Overall, the transcript argues—through repeated examples—that better results come from prompts that enforce expert framing and structured questioning, turning vague requests into actionable, tailored guidance.
Cornell Notes
The transcript demonstrates a reusable prompt pattern that improves response quality across career, relationships, money, and health. The pattern assigns the model an expert role, specifies a clear task, and—most importantly—requires it to ask questions before giving advice. That intake step produces more relevant follow-up questions (e.g., current job details for career changes, relationship dynamics for breakups, income and spending for budgeting, and symptoms/fitness for weight loss). Once the model gathers specifics, the advice becomes more concrete: internships and portfolios for career pivots, breakup communication tactics and compromise checks for relationships, budgeting plus side hustles for finances, and exercise/diet targets plus doctor consultation for health. The practical takeaway is that structured questioning yields personalization and reduces generic answers.

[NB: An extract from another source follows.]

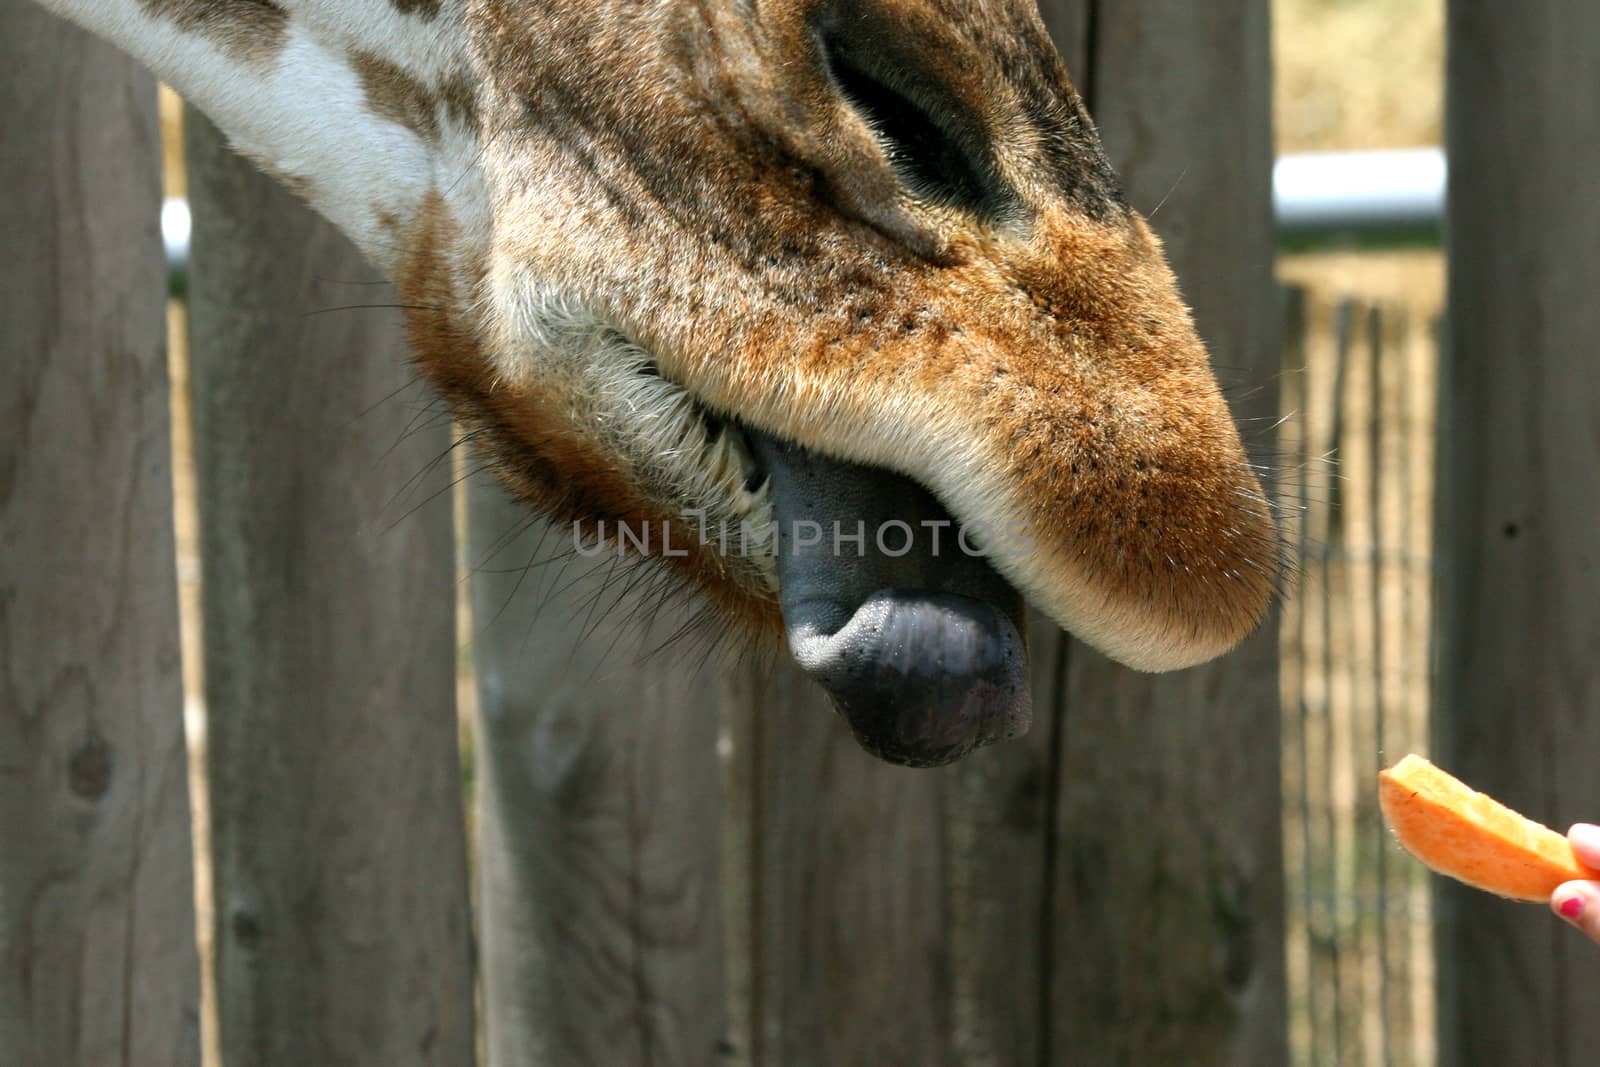 Image showing a giraffe sticking out its blue tongue taking a piece of carrot from its keeper.

Why does the “ask questions before answering” instruction change the quality of the advice?
How does “expert role” framing affect the response?
What does the relationship example suggest about incompatibility and decision-making?
What concrete money-saving and money-making steps appear after the finance questions?
How does the health example balance general fitness guidance with safety?
Review Questions
- Write out the prompt components used in the transcript (role, task, and question-first constraint). Which part most directly drives personalization, and why?
- Pick one domain (career, relationships, finance, or health). List the specific questions the model asks first and explain how those questions shape the later recommendations.
- What safety or planning elements appear in the health and breakup examples, and how do they differ from the more tactical advice in career and finance?
Key Points
- 1
Adopt an expert role in the prompt to steer the model toward domain-appropriate guidance.
- 2
Specify a clear task so the model knows what “best advice” means in that context.
- 3
Require the model to ask questions before answering to convert vague requests into actionable, personalized guidance.
- 4
Use the back-and-forth intake to surface constraints (current job, relationship dynamics, income/spending, symptoms/fitness level) before recommendations are generated.
- 5
For career pivots, translate the user’s situation into concrete steps like internships, apprenticeships, hackathons, and portfolio-building.
- 6
For relationships and health, include process and safety considerations—kind communication and logistics for breakups, and medical consultation for health concerns.
- 7
Expect the model’s advice to shift from generic to specific once it has enough details to tailor recommendations.